Brian Levant’s The Spy Next Door opens with a montage of derring-do from old Jackie Chan flicks set to Johnny Rivers’ “Secret Agent Man.” Having already seen the dreadfully lame trailer for The Spy Next Door, I knew I was in for the long haul, but this opening did remind me that Jackie Chan once made fun movies. By the end of the film, all it did was make me believe that, yes, there are movies worse than The Tuxedo (2002).

The movie’s basic premise is one of those family-oriented affairs where some action star is emasculated and stuffed into goofy situations with precocious, rambunctious tots. Hulk Hogan made Mr. Nanny (1993), Vin Diesel did it with The Pacifier (2005) and Dwayne “The Rock” Johnson appears bent on doing only this for the rest of his career.
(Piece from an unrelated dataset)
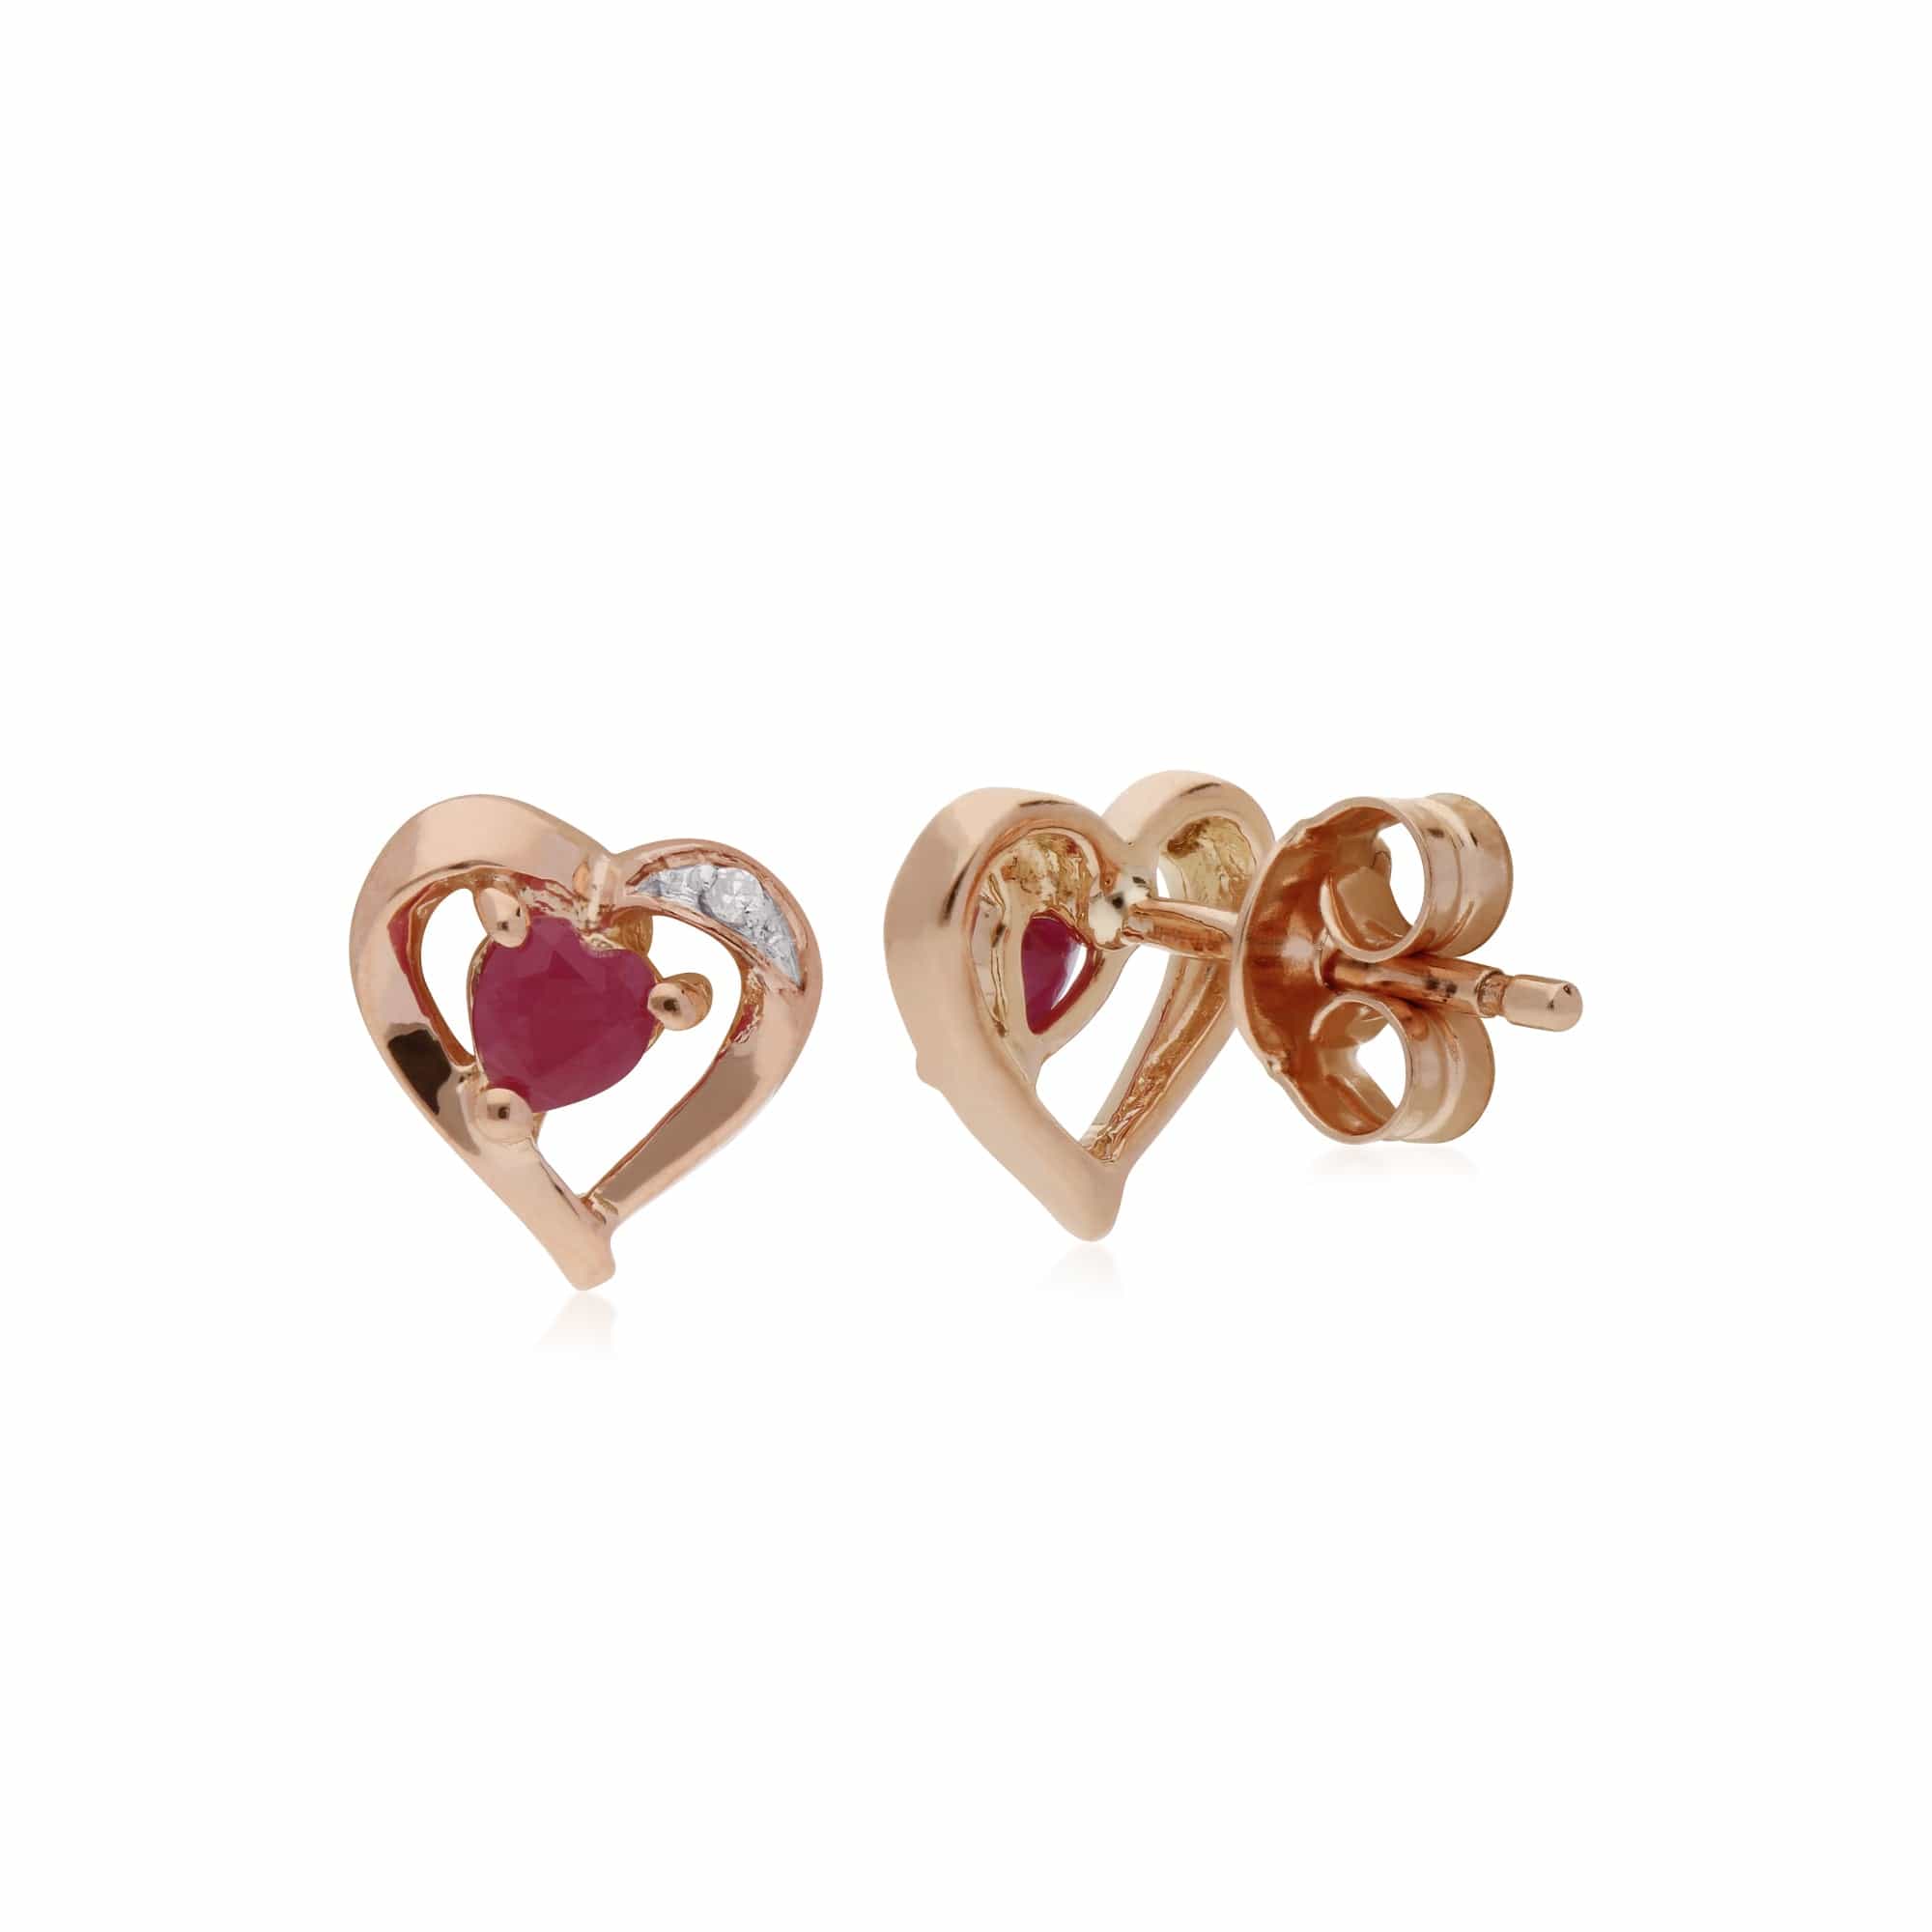 Classic Heart Ruby & Diamond Love Heart Stud Earrings in 9ct Rose Gold - Gemondo

Here, we get Chan as Bob Ho, a Chinese spy helping the CIA to catch a bunch of goofy Russian terrorists with bad accents. At the same time, Bob is smitten with his next-door neighbor (Amber Valetta), with the only issue keeping them from marriage being that her spoiled-brat kids can’t stand Bob. So it’s up to Bob to win over the kids and protect them from the evil Russkies, who show up to complicate matters.

Because of this, we get to see Jackie Chan do a lot of Jackie Chan stuff, which while admittedly neat, isn’t enough to save the movie from the onslaught of hokey familial humor and cartoonish hi-jinks. And it certainly doesn’t help that we also get Billy Ray Cyrus heehawing it up as a secret agent (what a frightening thought).

Even with all this against it, The Spy Next Door isn’t exactly a movie I can say I loathe — and this is based on Chan alone. He’s a hard man to hate (it usually takes the combined awfulness of Chris Tucker and Bret Ratner to accomplish this), and he seems to genuinely enjoy his work. The unfortunate aspect of all this is that the work he’s doing scales the heights of forgettableness. So instead of being egregiously horrendous, because of Chan, The Spy Next Door is more along the lines of painlessly insipid. I guess there’s something to be said for that. Rated PG for sequences of action violence and some mild rude humor.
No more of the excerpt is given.